WORK REQUIRED:
Make an exact copy of the listing so that no picture is carried over.
** Opening RAW DATA block **
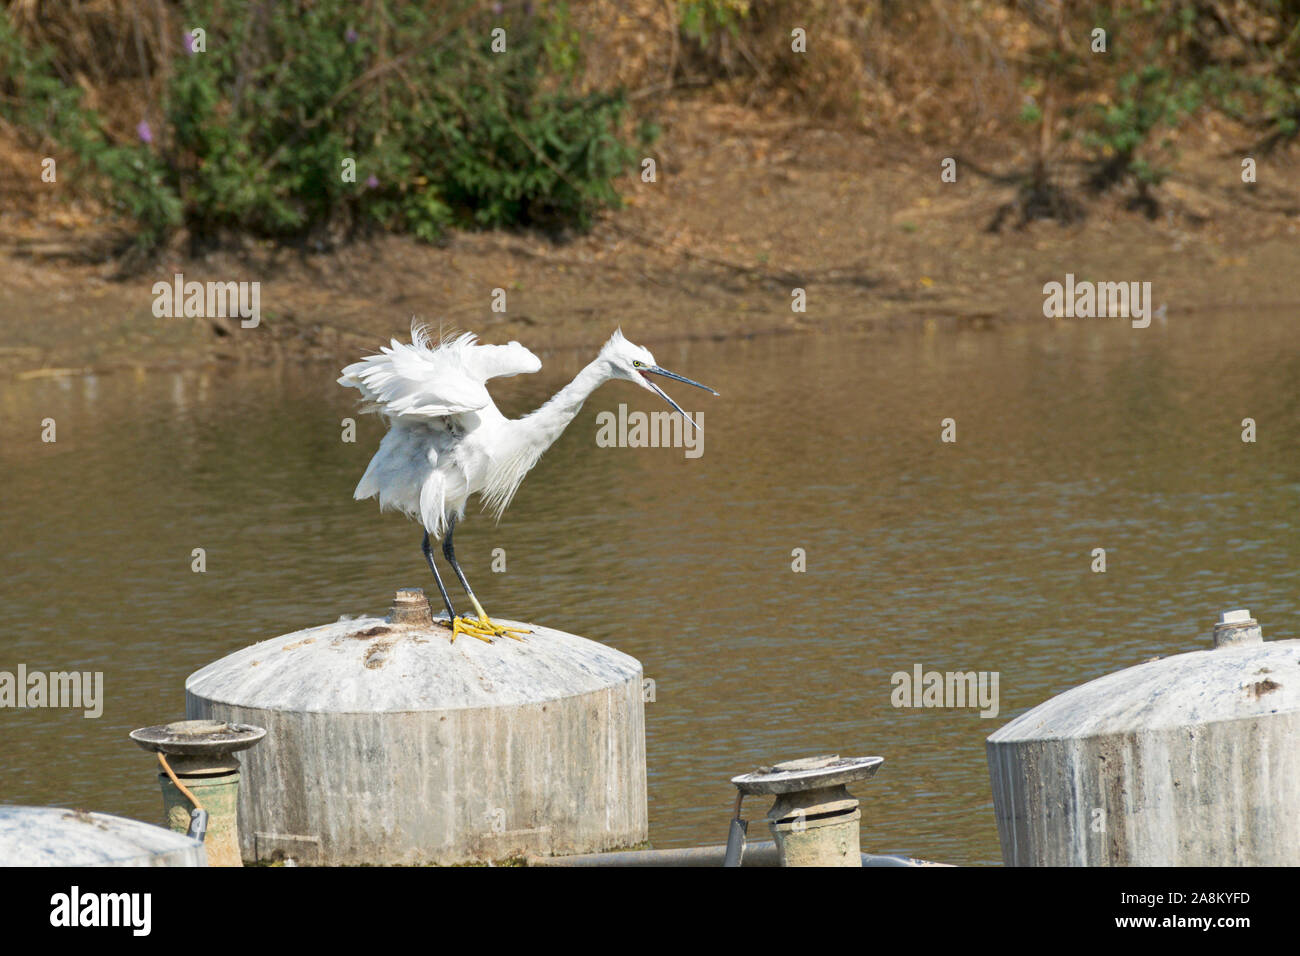 White wütend auf der Suche Seidenreiher Egretta garzetta Vogel mit gelben Füßen thront auf einem Tank in Tel Aviv Israel City Park Teich Stockfoto
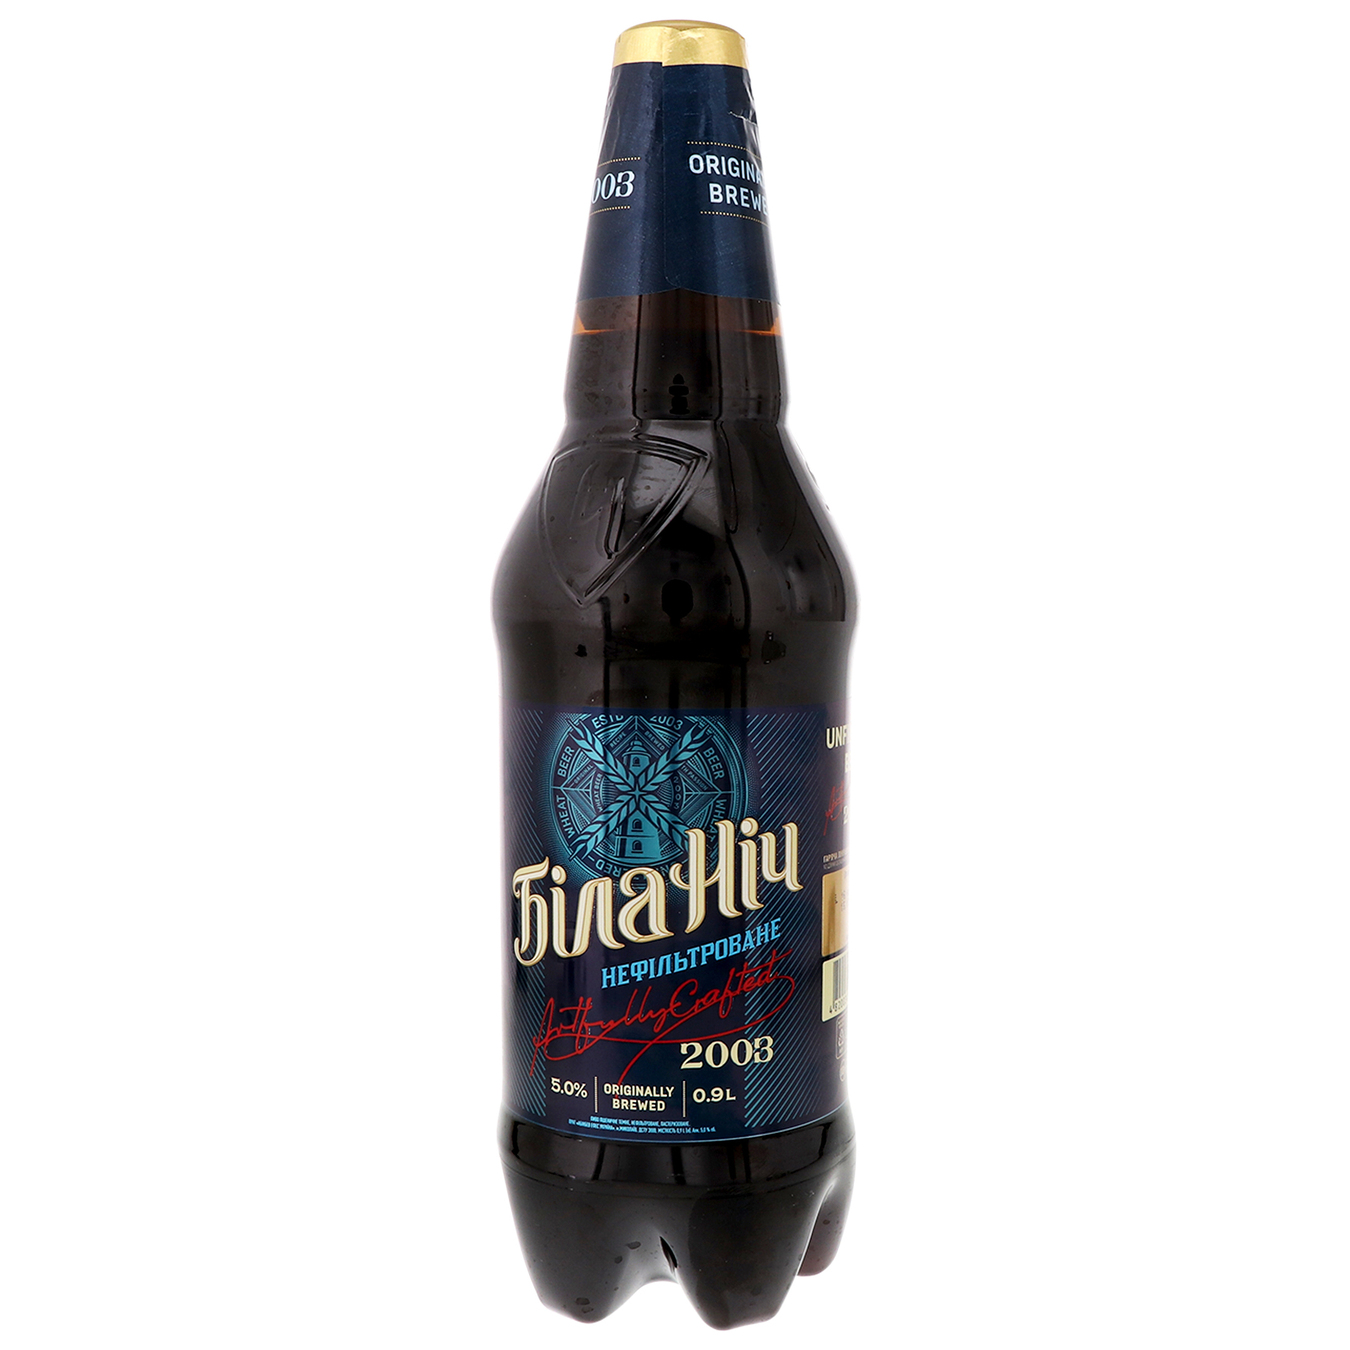 Пиво Черниговское Белая Ночь темное нефильтрованное 4,8% 0,9л 2
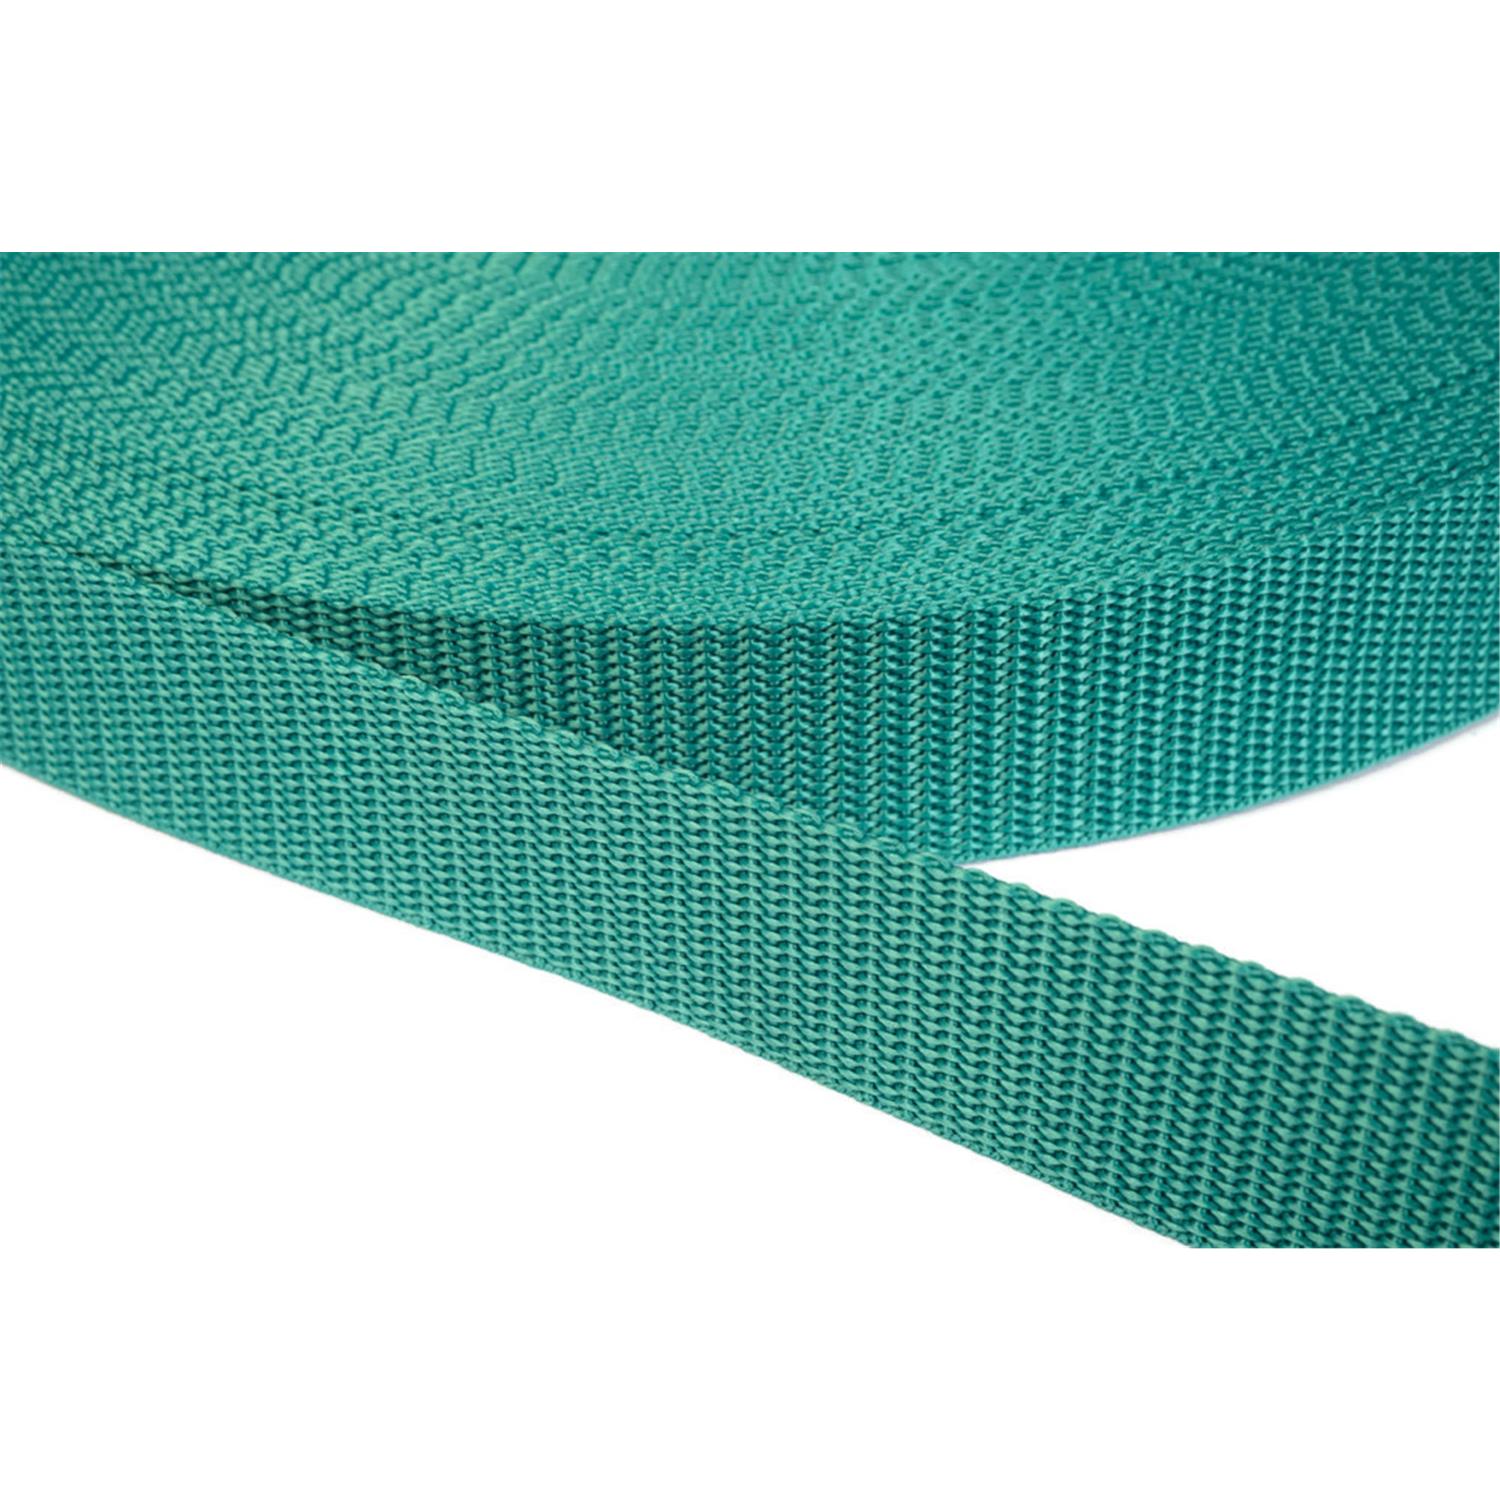 Gurtband 40mm breit aus Polypropylen in 41 Farben 31 - smaragdgrün 12 Meter
** Closing RAW DATA block **
SOLUTION FOR THIS EXERCISE:
 White wütend auf der Suche Seidenreiher Egretta garzetta Vogel mit gelben Füßen thront auf einem Tank in Tel Aviv Israel City Park Teich Stockfoto
 Пиво Черниговское Белая Ночь темное нефильтрованное 4,8% 0,9л 2
 Gurtband 40mm breit aus Polypropylen in 41 Farben 31 - smaragdgrün 12 Meter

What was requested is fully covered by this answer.